ボタンも妹と一緒に帰った。他の奴隷の人たちも、奴隷商を倒し、本物の国王も助けた。
完璧なハッピーエンドだ。
すべてが終わったんだ。ボタンの店にいるシアンが待ってるはずだ。
せっかくここまでのことをやってのけたんだ。シアンにもたくさん美味しいものを食べさせてあげよう。
「それじゃあ、帰りま──」
突然、ドカンッ! という音が、どこか遠くで聞こえた。
何か、嫌な予感がした。胸騒ぎがするというのはこういうことなのか、と俺はなんとなく思った。
「なんだ、あれ……?」
俺は今いる王家の宿の五階から、音がしたほうへ視線を移す。
なんとなく、俺が見ている方角に覚えがあった。
「あの煙が上がってる場所って、ボタンの店がある辺りじゃないのか……?」
どうしてだろうと思っている俺の視界に、エストスが映った。
「残念ながら、私にもわからないね。シアンには【変装】を使っているのだから、彼女の素性が発覚する心配はないのだろう? まぁ、以前にシアンに会ったことがあるというのなら、話は別だろうけど」
あれ、今、なんて言った?
ふと、俺の視界にエストスが抱える自称勇者のエリオルが映って、
「……勇者…………?」
稲妻のように、俺の思考が駆けた。
──僕の名はエリオル=フォールアルド! 勇者である兄、アルベル=フォールアルドに追いつくために修行中の勇者だ!
まさか、
──だって、シアンは魔王軍の幹部だぞ? ついさっき自分が勇者だー、とか言う奴にやられたのに助けてくれたってことは、にーちゃんも勇者の敵じゃないのか?
まさか、
──ああ。本当はここで兄と合流する予定だったのだが、こんなことになってしまっては無視できるわけないからな。
まさか……ッ⁉
俺は、静かに拳を握った。
「シアンがさ、俺と出会ったきっかけはさ、死にそうになってたシアンを俺が助けたことなんだ」
「急にどうしたんだい。なれそめを話すならまた今度でも──」
「シアンは、家出の最中に出くわした勇者に殺されかけたんだ」
「…………なるほど。そういうことか」
察しがいいエストスは、これだけで気づいてくれた。
おそらく、あの煙はボタンの店で鉢合わせてしまったシアンと勇者であるエリオルの兄が戦っている煙なのだろう。
でも、それだけじゃない。
「俺さ、言ったんだよ。『魔王軍幹部だってバレると色々とヤバイから何があっても戦うな』って、シアンに言ったんだ」
俺と出会う前にシアンが負けたのは、魔王のセクハラでかけられた呪いのせいでスキルが使えず、本気を出せなかったからだ。

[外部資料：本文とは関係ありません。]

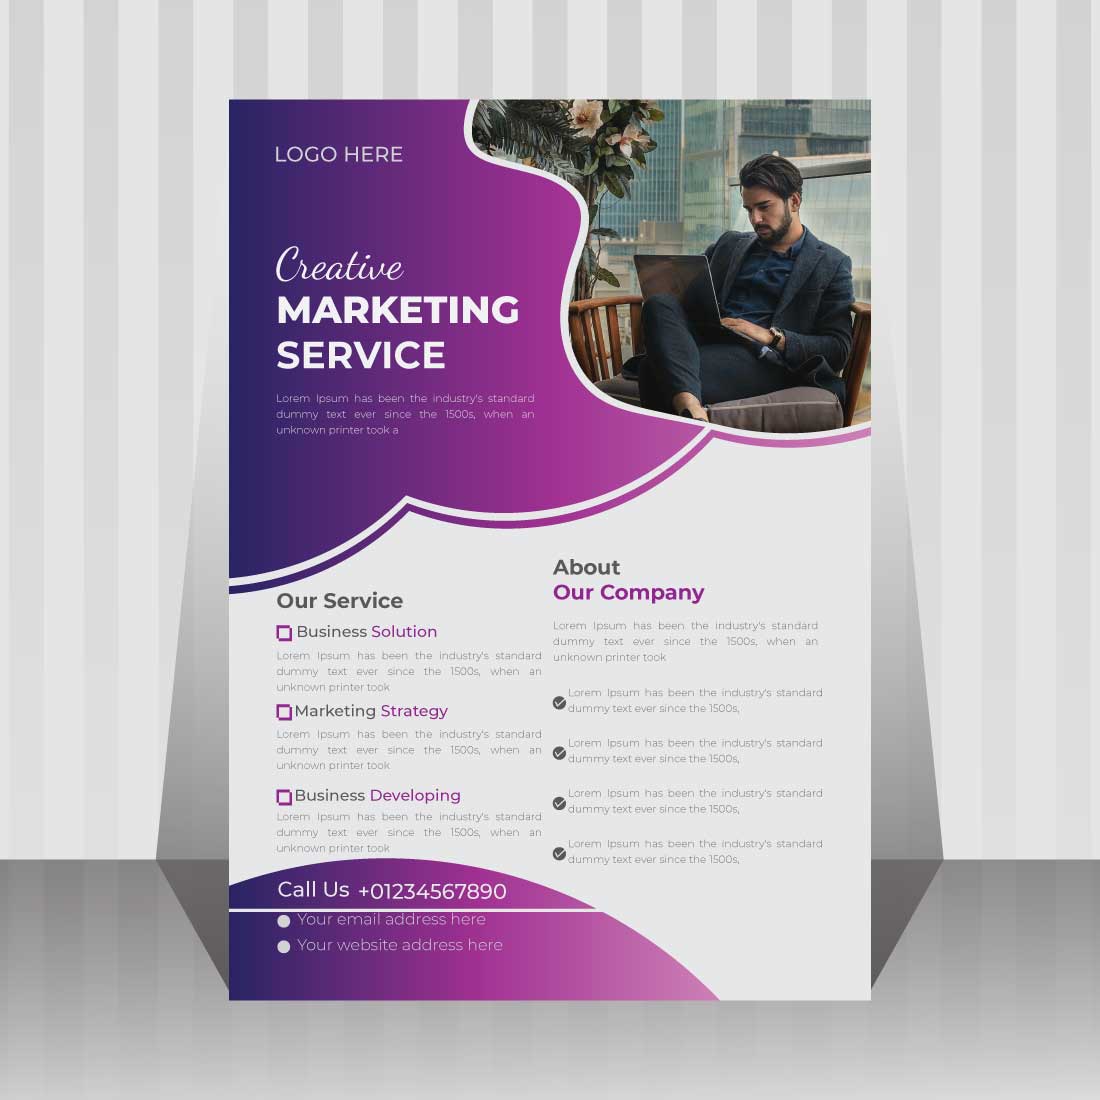 Digital Marketing Agency and Corporate Business Flyer Template Design main cover.

でも、今のシアンは俺が呪いまで治したから、エストスの封印の核だったユニフォングをワンパンできるほどの力を持っている。
「あいつ、俺との約束、守ると思うか?」
「彼女なら、きっと守るだろうね」
当たり前だ。魔王軍幹部だからって、シアンは敵なんかじゃない。魔族だとか言ってけど、普通に笑って、普通に怒って、普通に怖がって、楽しそうにご飯を食べる、普通の女の子なんだ。
どうして、そんな普通に過ごそうとしているシアンが、生まれた環境だけでこんなにも命を狙われなければいけないんだ。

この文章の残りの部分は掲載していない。